Regional cuisine is fresh, diverse and hearty, with local specialities including Azeitao cheese, rice and poultry-based stews, rabbit dishes, bean soups, eel, cuttlefish and oysters, and there is an extensive choice of places to stay, from small hotels, friendly guest houses and campsites to pousadas in Palmela, Setubal, Alcacer do Sal and Santiago do Cacem.

The most famous festivals in the region are the Grape Harvest in Palmela in early September, with parades, music and fireworks, and the Our Lady of Troia celebrations, in early August, when a procession of brightly coloured boats carry an image of the Virgin Mary across the water from Setubal to Troia.

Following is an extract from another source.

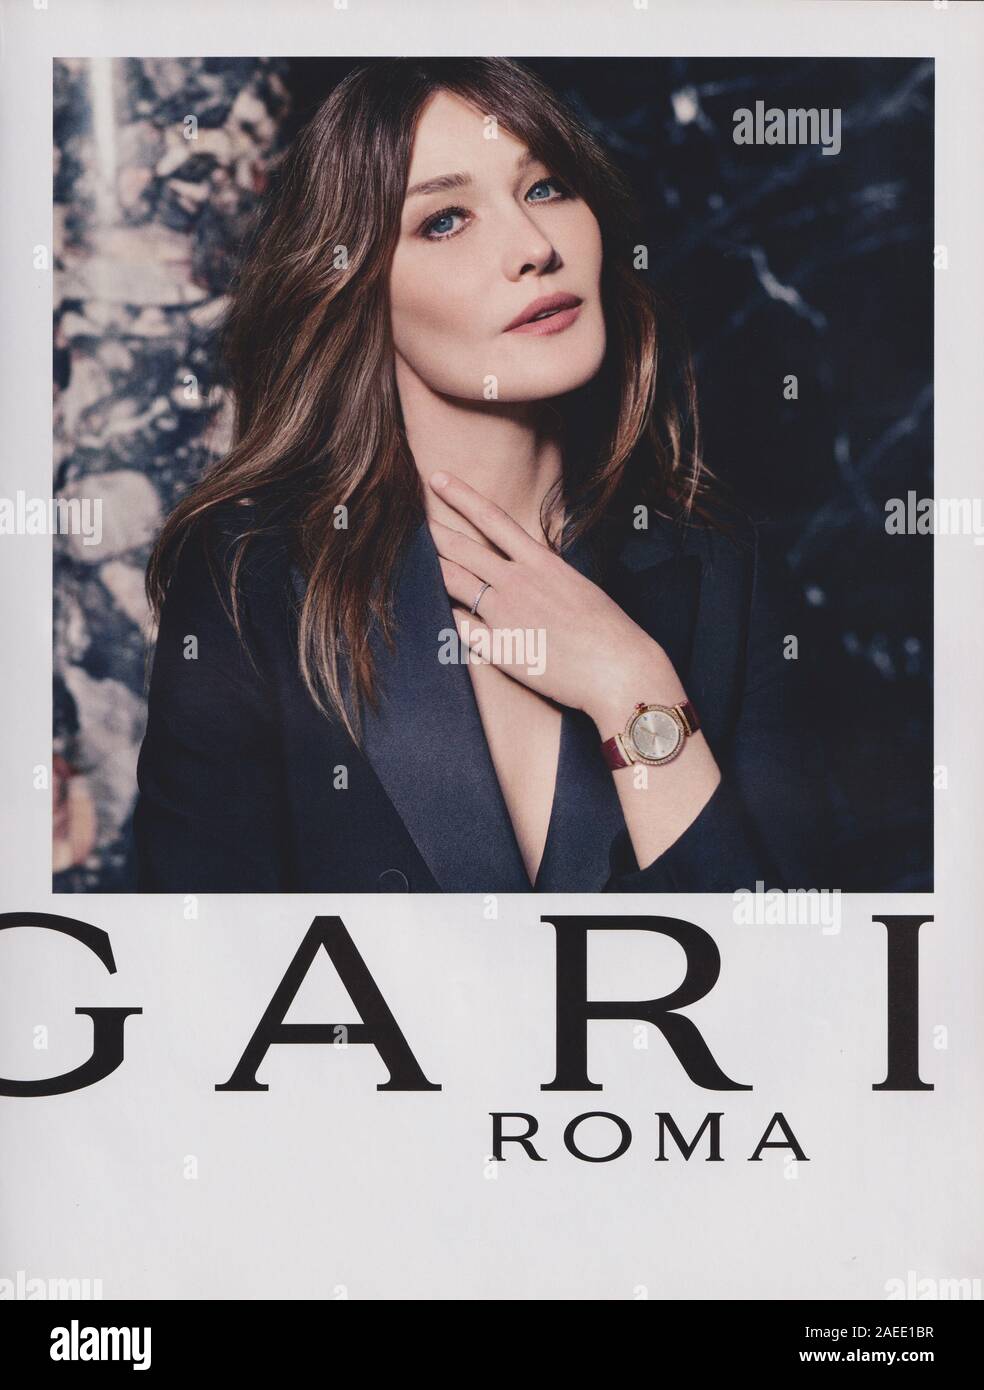 poster advertising BVLGARI ROMA fashion

Numerous other events and festivals, running mostly throughout the summer and early autumn, help preserve local traditions and history, as do museums dedicated to everything from industrial heritage to the life of local-boy-made-good Vasco da Gama, who was born in Sines.

It might be some time before Setubal’s most famous son, Jose Mourinho, finds himself suitably honoured, but the Blue Coast, without doubt, definitely deserves the title of The Special One.

BLUE COAST FACT FILE

EAT: Angelus – traditional rustic fare in Sesimbra (+ 351 212 681 340); Copa d’Ouro – fish and seafood in Setubal (+ 351 265 523 755); O Solar do Canudo - Alentejan specialities in Santiago do Cacem (+ 351 269 826 403).

SLEEP: Pousada Sao Filipe, Setubal; Pousada Castelo de Palmela; Pousada Dom Afonso II, Alcacer do Sal; Pousada Quinta da Ortiga, Santiago do Cacem.

SHOP: Livramento municipal market in Setubal for fish, Fortuna Arts & Crafts Centre in Palmela for pottery (+ 351 212 871 068).

VISIT: Setubal for faded charm, Troia peninsula for unspoiled beaches, inland Alentejo for peaceful villages and landscapes, Sado estuary for bird-watching.